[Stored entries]
━━━━━━━━━━━━━━━━━━━━
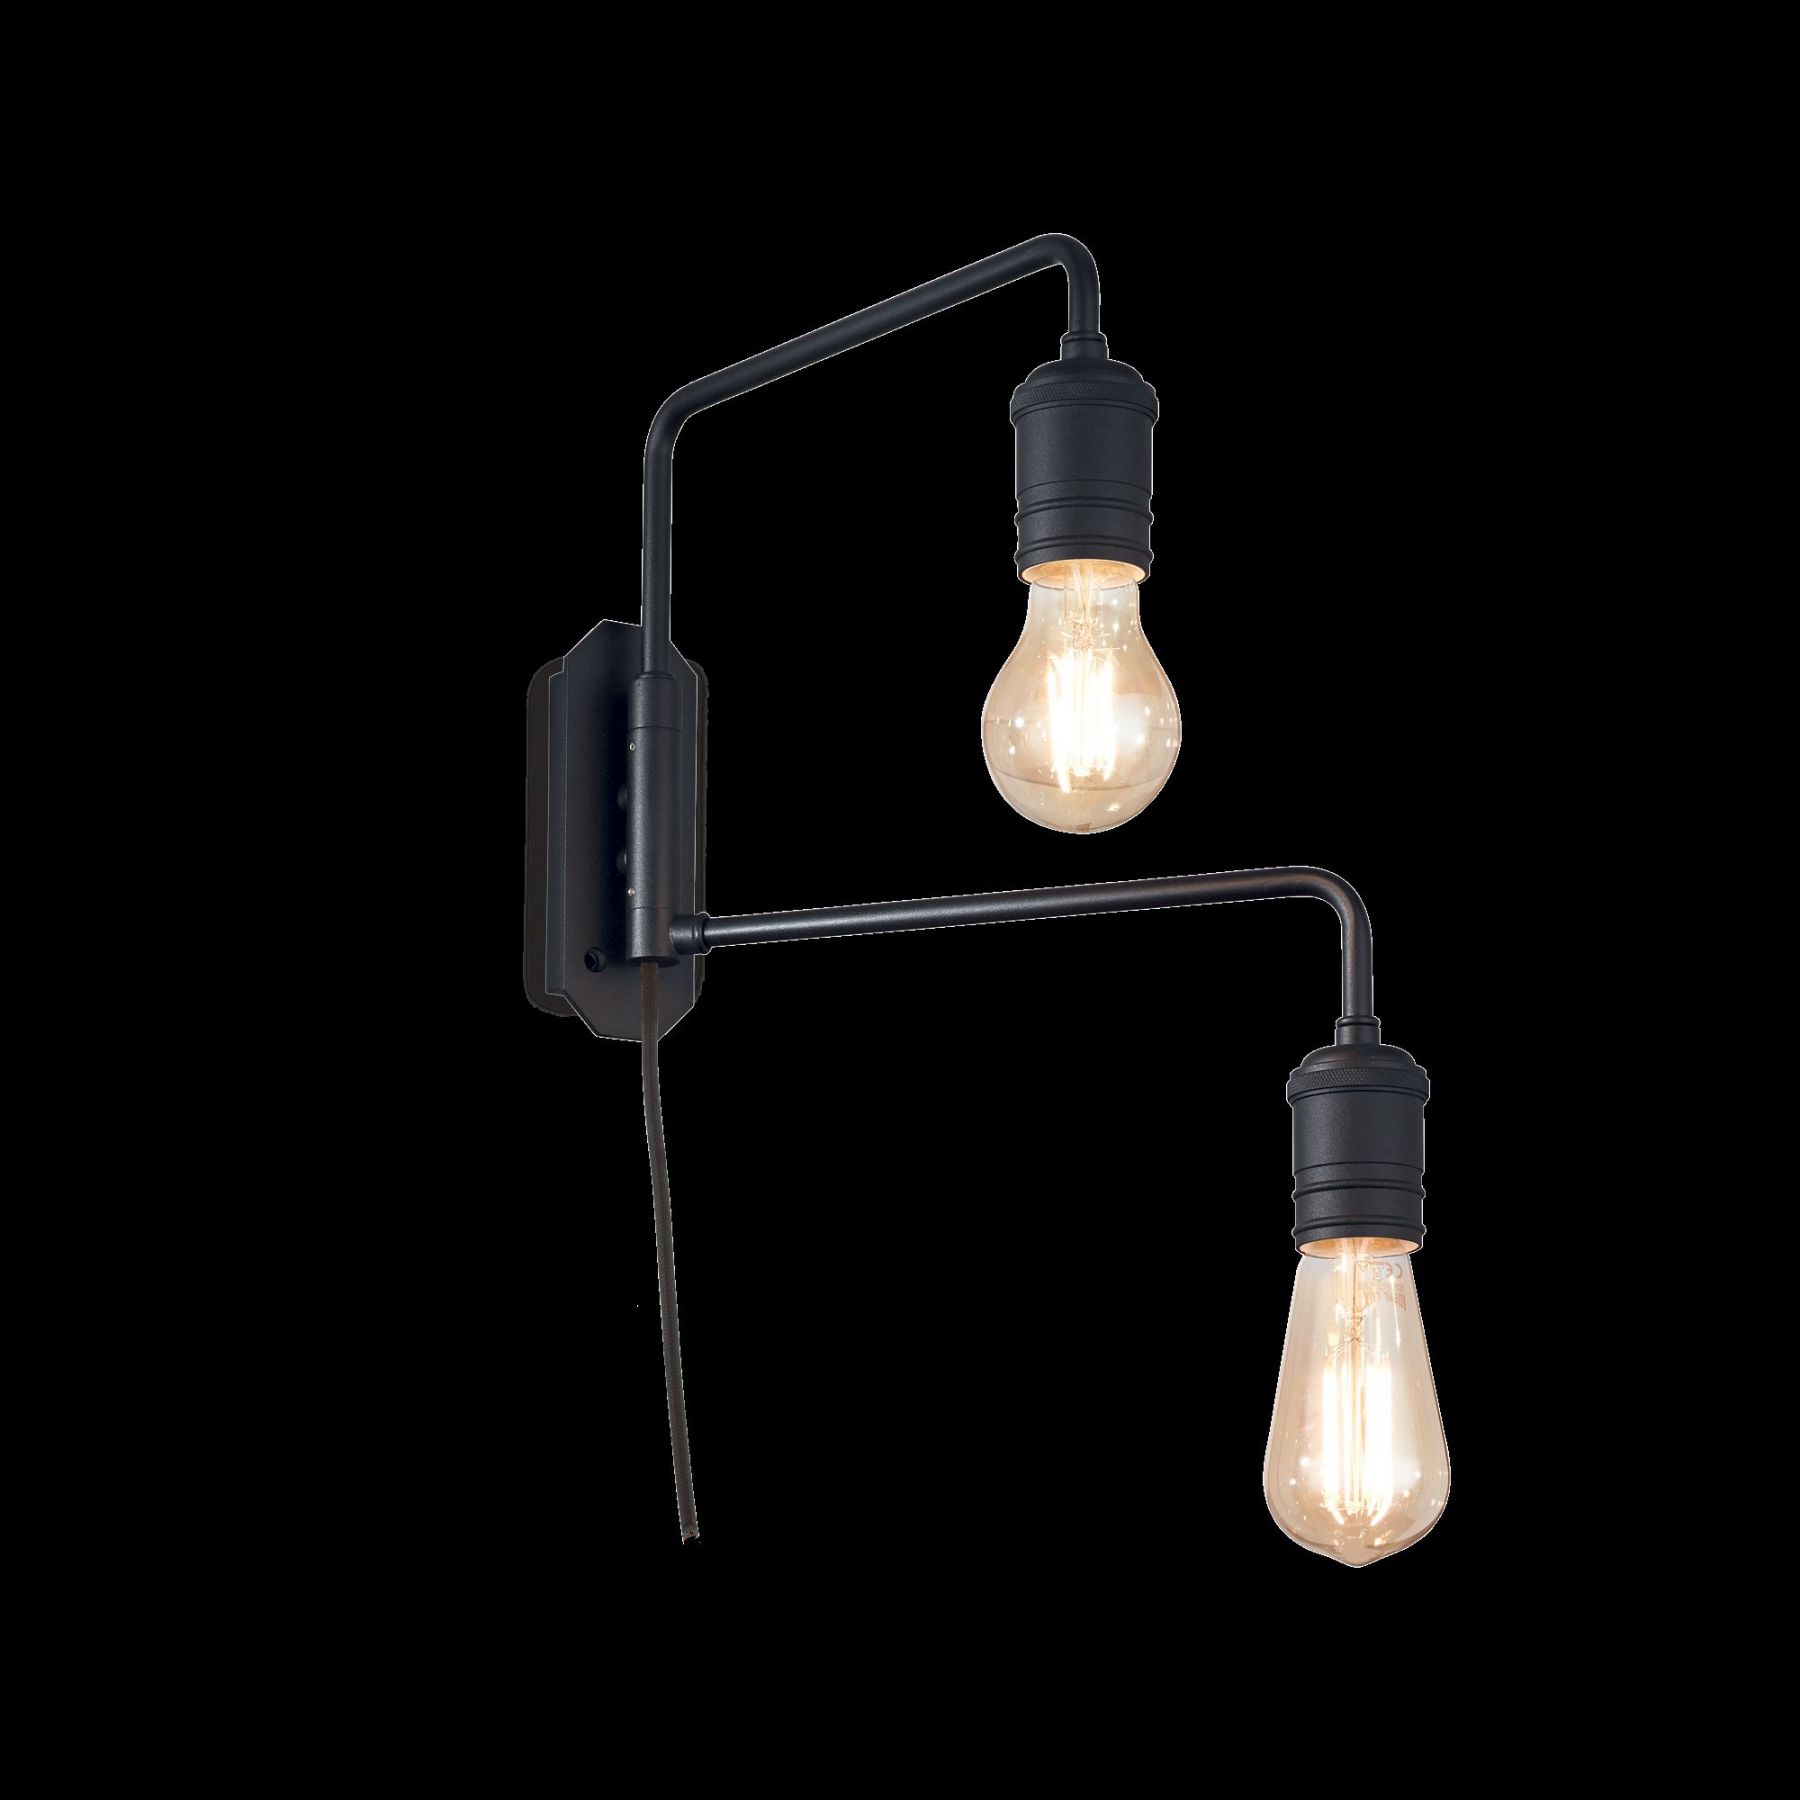 Ideal Lux 242385 nástěnná lampa Triumph 2x60W | E27 - černá, s nastavitelnými rameny - Dekolamp s.r.o.
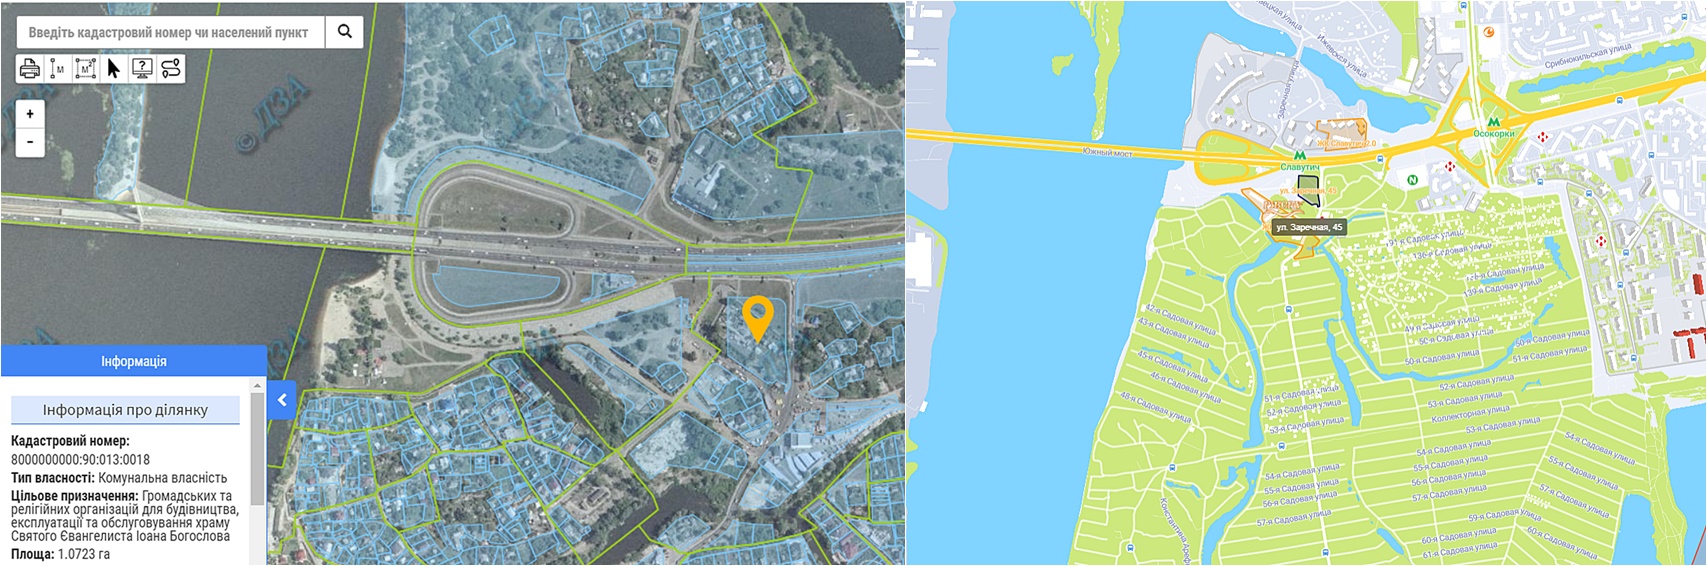 Многофункциональный комплекс по ул. Заречная, 45 данные кадастра и на карте
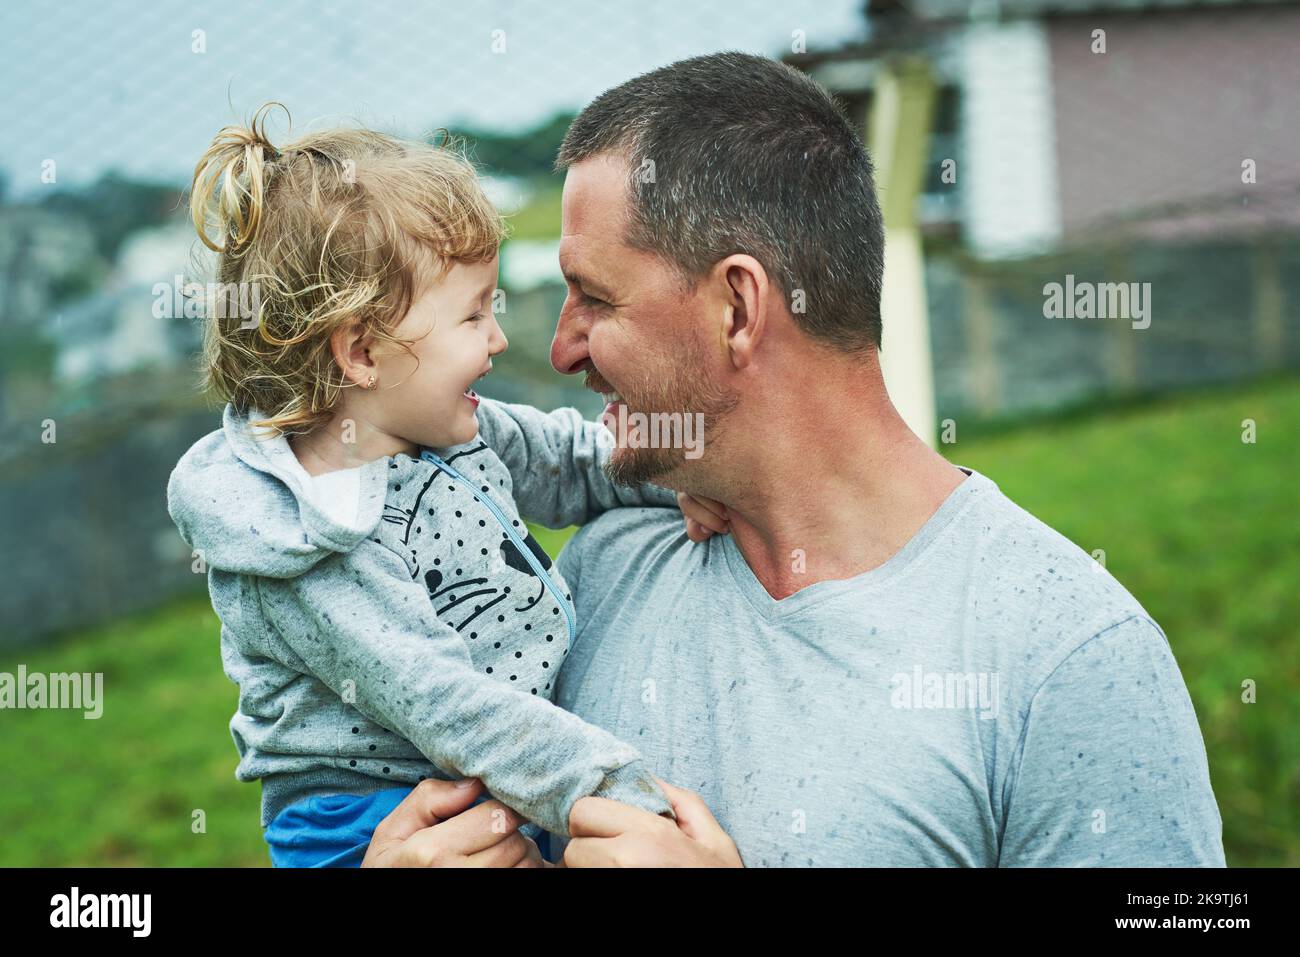 Fille et père amour. Une petite fille joyeuse étant tenue par son père pendant qu'ils regardent les autres yeux dehors pendant un jour pluvieux. Banque D'Images
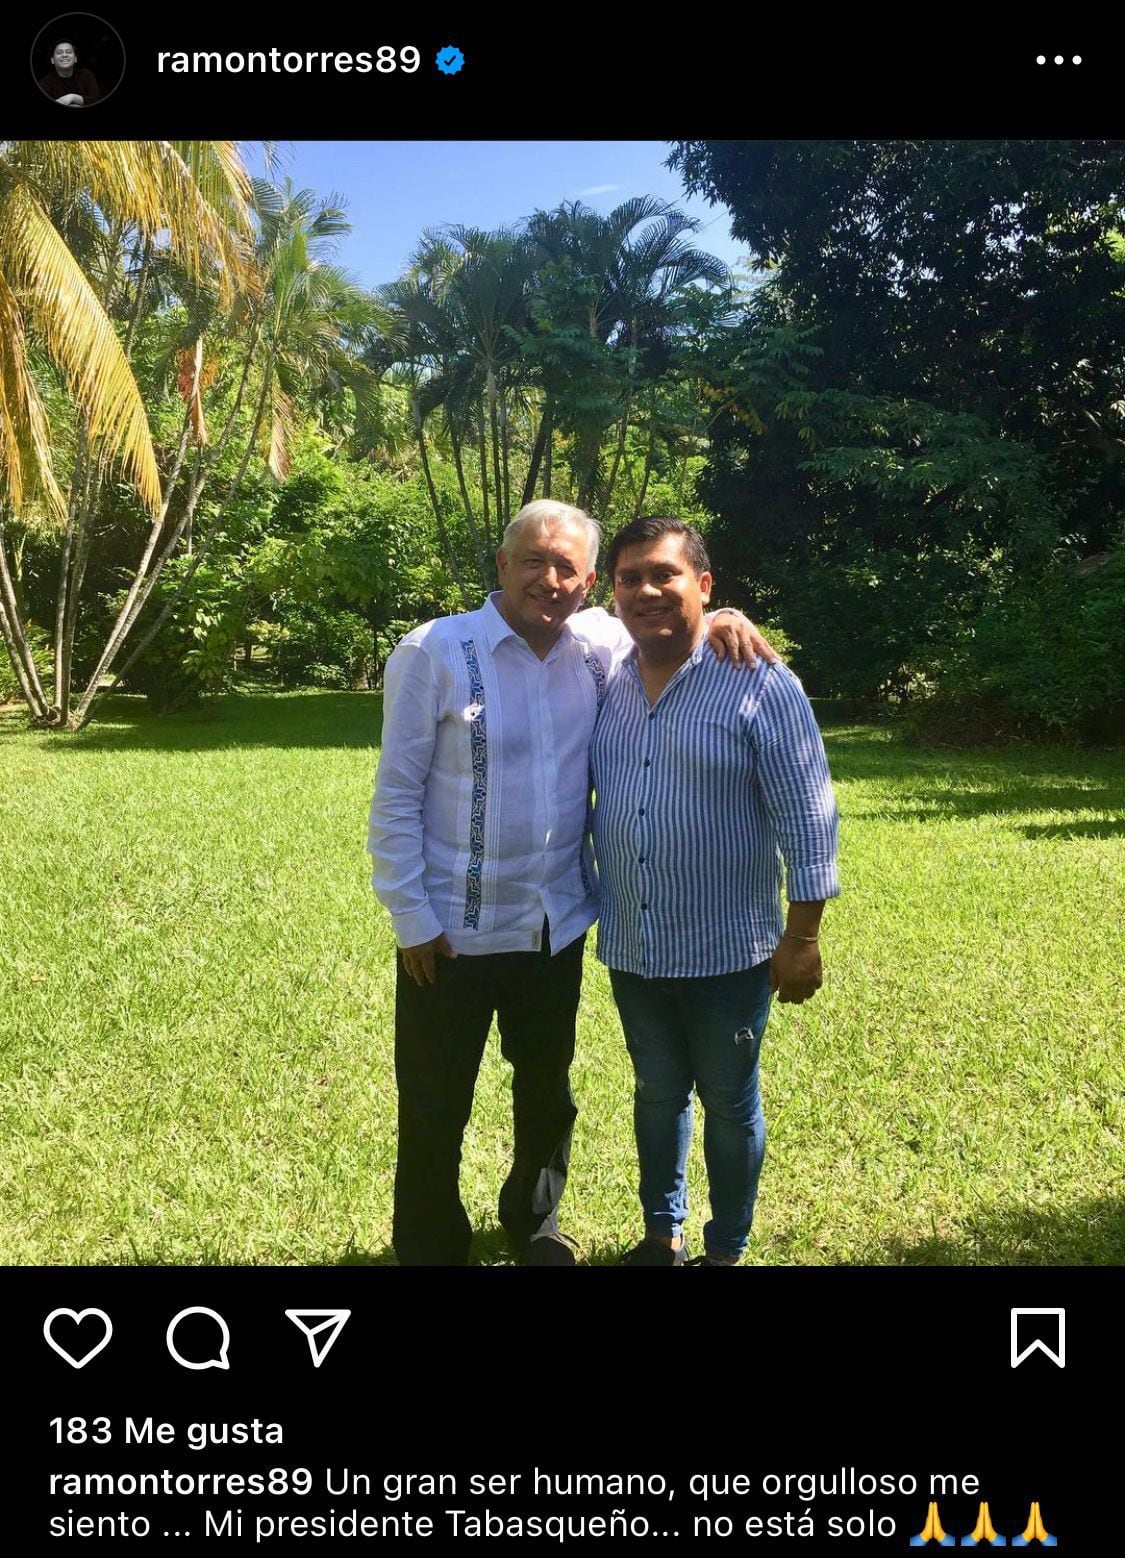 El chef fue contratado en la Secretaría Particular de la Presidencia de la República, según una investigación periodística (Instagram/@ramontorres89)
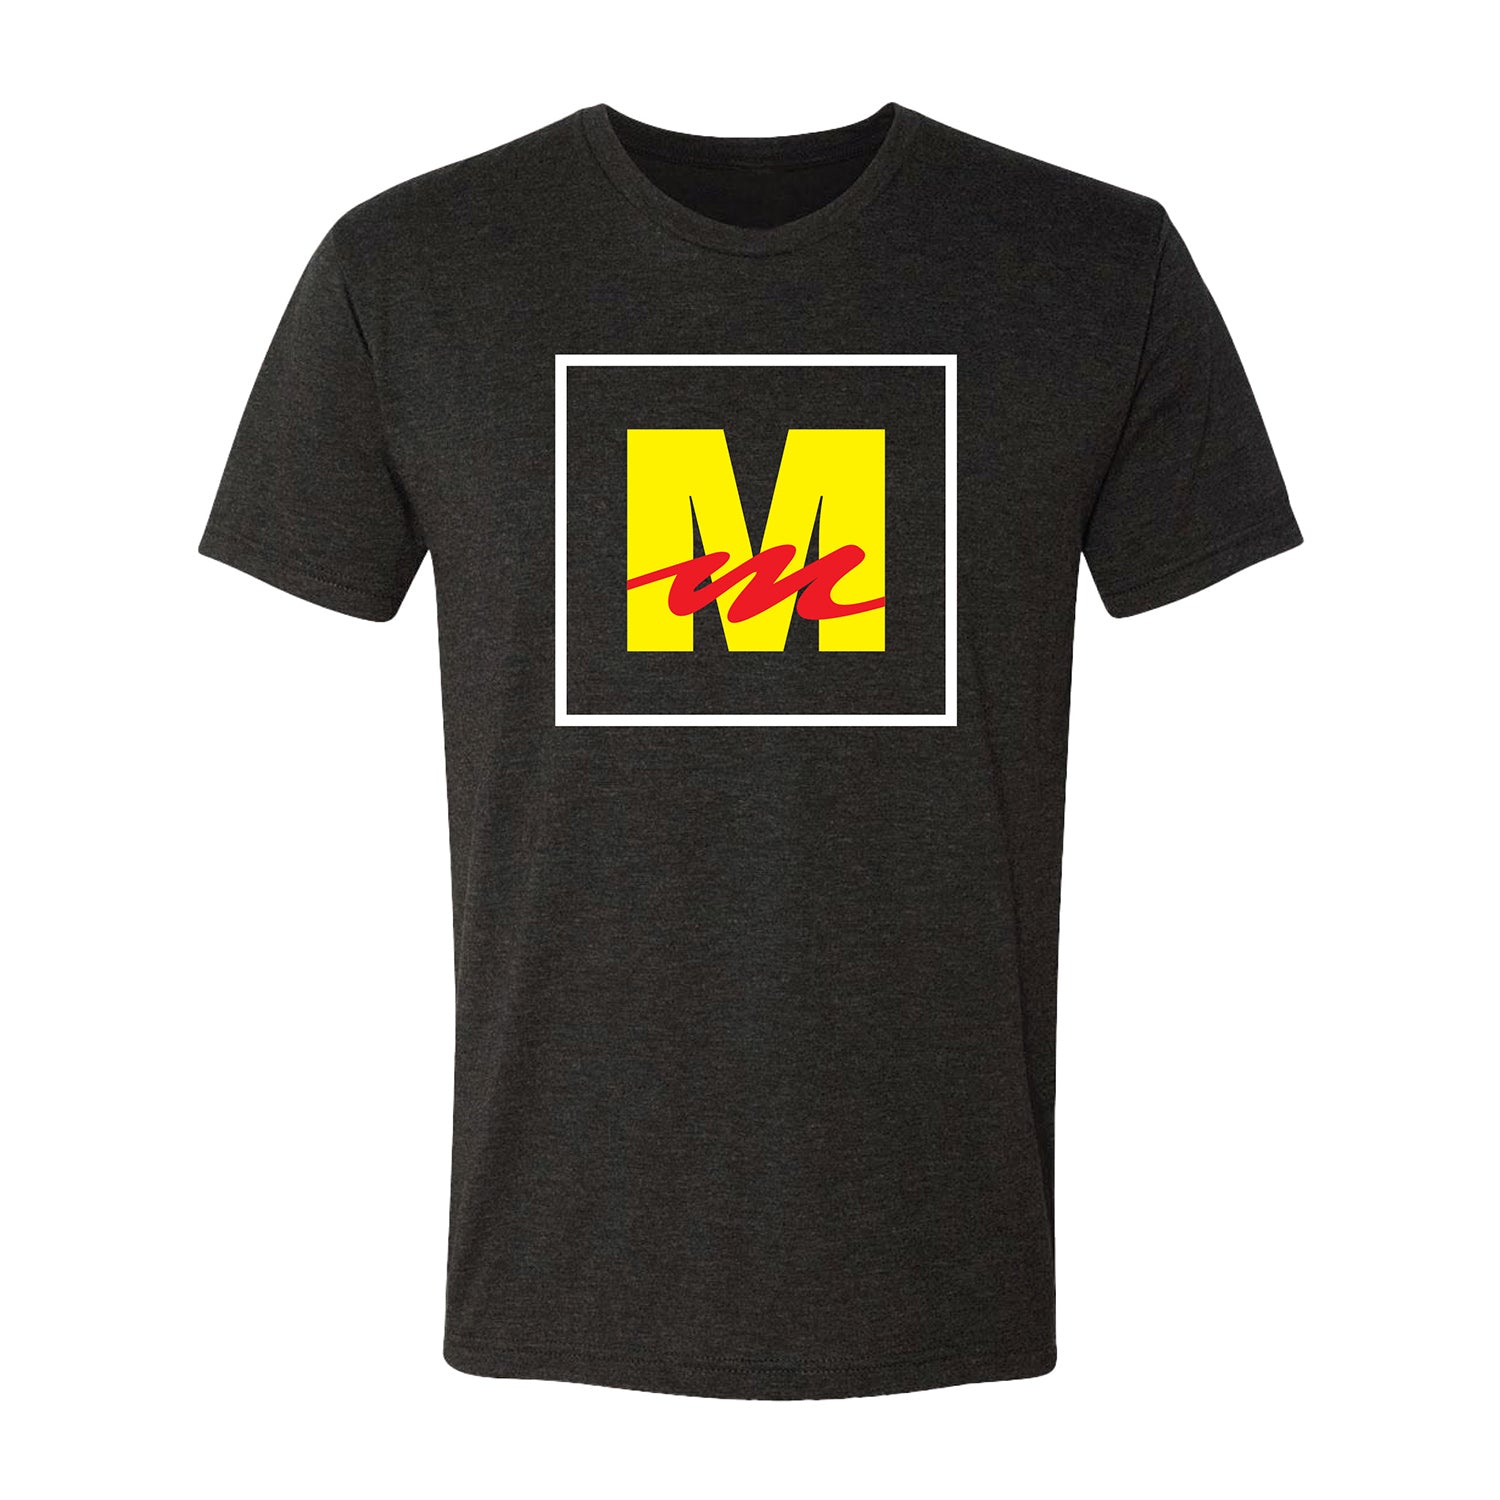 Mecum Auctions Black M Block Logo T-Shirt - Front View
━━━━━━━━━━━━━━━━━━━━
→ **What you have to do**
Please return only the lines from the one holding "Многофункциональный комплекс по" through the end of the data, both ends included; do not copy any pictures.

→ **Response for this exercise**
 Многофункциональный комплекс по ул. Заречная, 45 данные кадастра и на карте
 Fille et père amour. Une petite fille joyeuse étant tenue par son père pendant qu'ils regardent les autres yeux dehors pendant un jour pluvieux. Banque D'Images
 El chef fue contratado en la Secretaría Particular de la Presidencia de la República, según una investigación periodística (Instagram/@ramontorres89)
 Mecum Auctions Black M Block Logo T-Shirt - Front View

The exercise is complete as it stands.